Buy Stocks After IMF Rescue
Montreal, Canada
Buy when there's Blood in the Streets…
A recent study courtesy of Montreal-based Bank Credit Analyst (BCA) suggests that previous credit crises followed by International Monetary Fund (IMF) rescues have accorded investors big gains in local stock markets.
BCA examined several rescues in the 1990s with Mexico, Russia, South Korea and Indonesia as case studies. In all examples, stocks posted huge double-digit gains within 12-18 months of the IMF rescue packages.
In Moscow, the RTS Index has gained more than thirty-fold since hitting a low in late 1998 after the ruble was devalued and Russia defaulted on its GKO bonds or foreign-issued bonds. That year also marked the trough for crude oil prices, which briefly crashed to about $10 a barrel before forming a secular bear market low. Russia, a major net dumper of raw materials in the 1990s, has been a huge beneficiary of the ongoing post-2002 commodities bull market.
South Korean stocks followed a similar trajectory amid the Asian financial crisis of 1997-1998, which smashed local currencies and stocks. Stocks in Seoul have gained a cumulative 500% since hitting a low in 1998. The same is true for other regional bourses in late 1998. If an investor purchased Asian stocks (excluding Japan) in late 1998 the profits 12 years later would be enormous.
In the United States, stocks hit a 12-year low in March 2009 and have since rebounded about 80%, according to the S&P 500 Index. The worst credit shock and collapse since the 1930s drove many stocks to absurdly low levels – especially banks.
But the jury is still out on whether the S&P 500 Index really hit a bottom in this cycle at 676 or just an intermittent low in the context of a cyclical bear market. I tend to believe this remains a bear market rally within the confines of a cyclical bull market. The financial and tax landscape in the United States starting in 2011 won't necessarily support a bull market in stocks as tax rates rise, the Fed finally starts hiking interest rates and an avalanche of refinancing hits speculative-grade companies. This is not 1981 or the Reagan Revolution. Obama is not an investor's friend.
The point is, however, that bottom-fishing amid a crisis can pay-off.
With the European Central Bank (ECB) and the IMF effectively bailing out Greece and trying to deter speculators from attacking other weaker peripheral EMU countries, the notion that Europe is "dead" and wrought with nothing but currency failure is unconstructive. Many large-cap European companies will benefit from a sharply weaker EUR and are worth nibbling at these levels.

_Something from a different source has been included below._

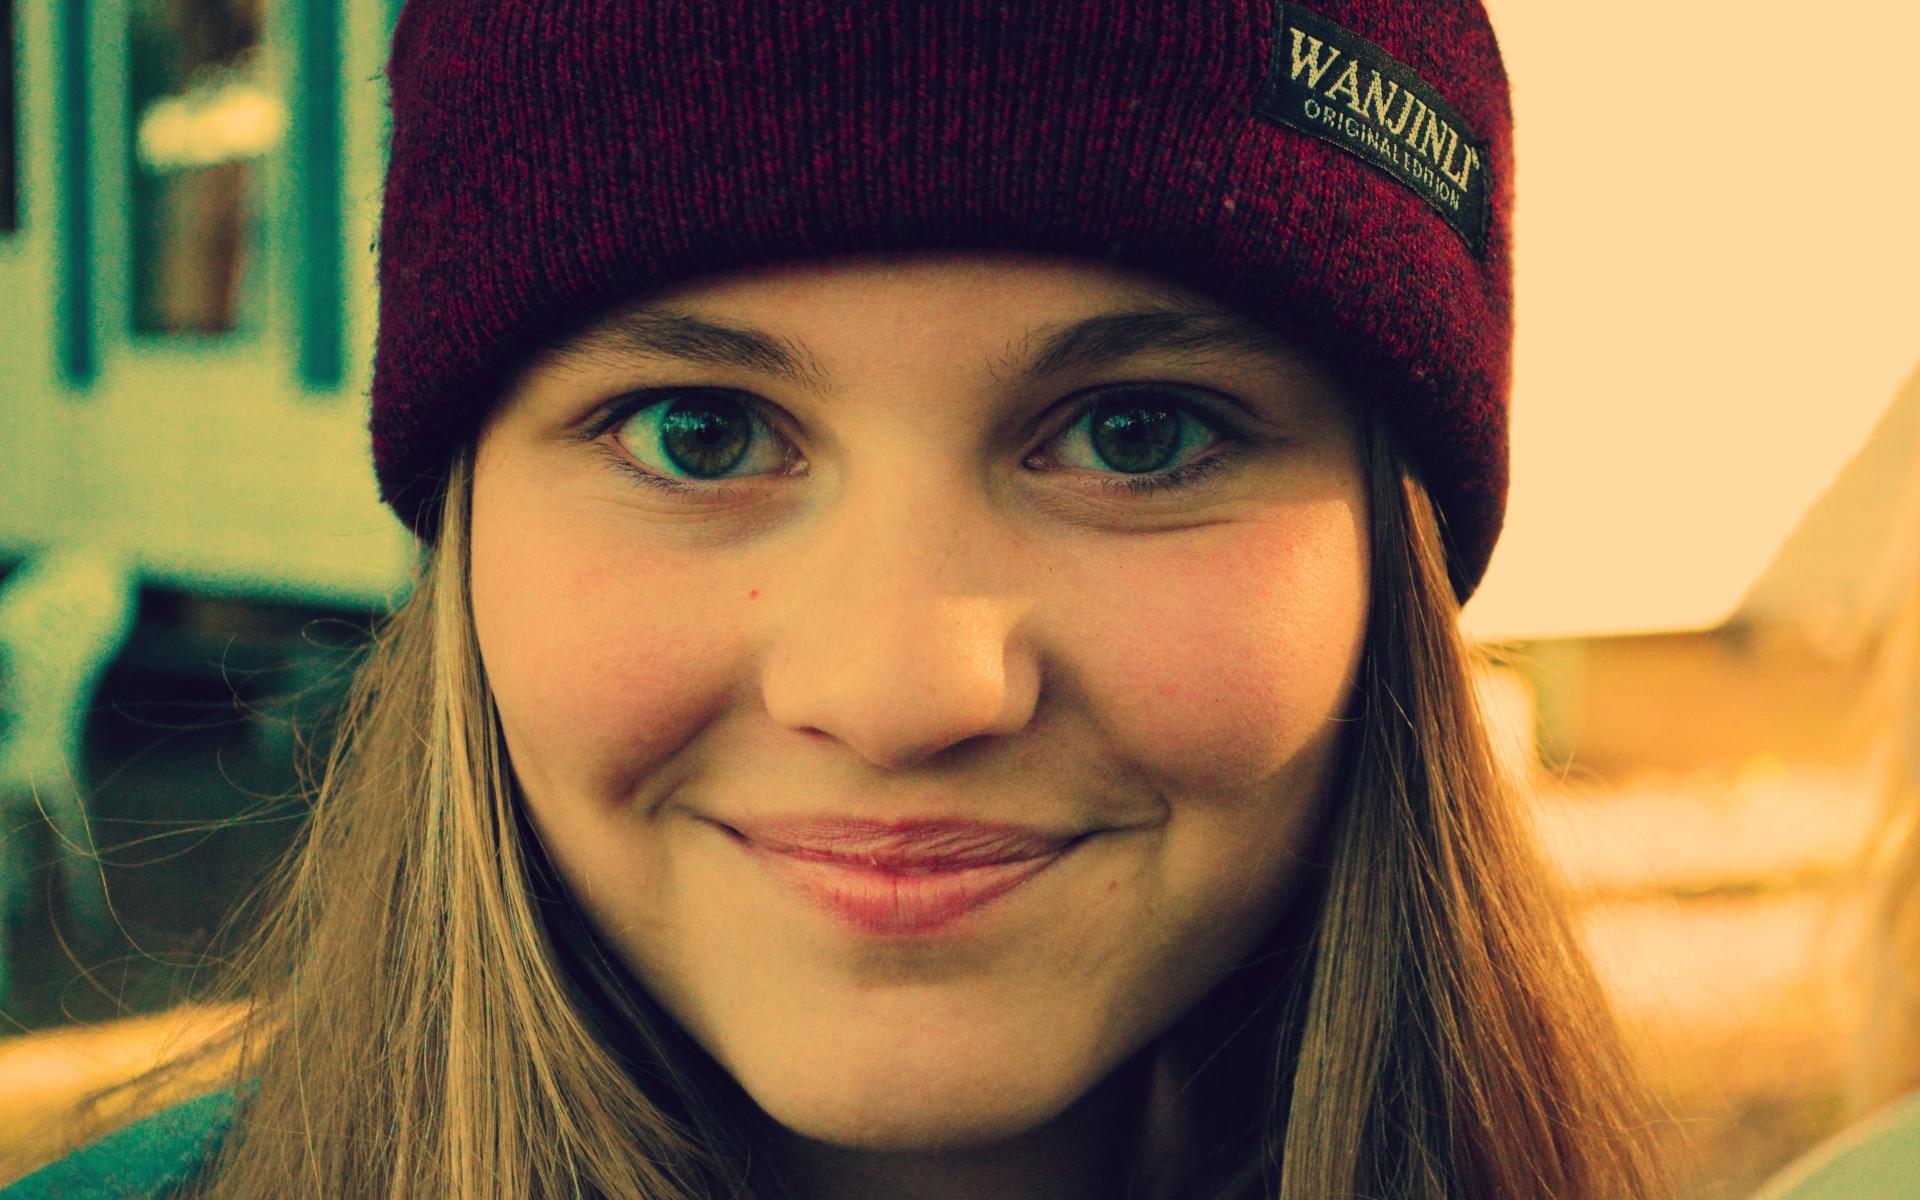 Chica sonriendo con gorra - 1920x1200

The Club Med belt, including Greece, Spain, Portugal and Italy harbor some good companies that have been massacred over the last several weeks.
To be sure, Europe is not out of the woods by a long shot. EU and IMF-imposed austerity measures won't result in a boom for a long time as spending is severely curtailed and deficits reduced to comply with loan disbursements. Yet if history is any guide, it can pay to buy into distress following IMF intervention.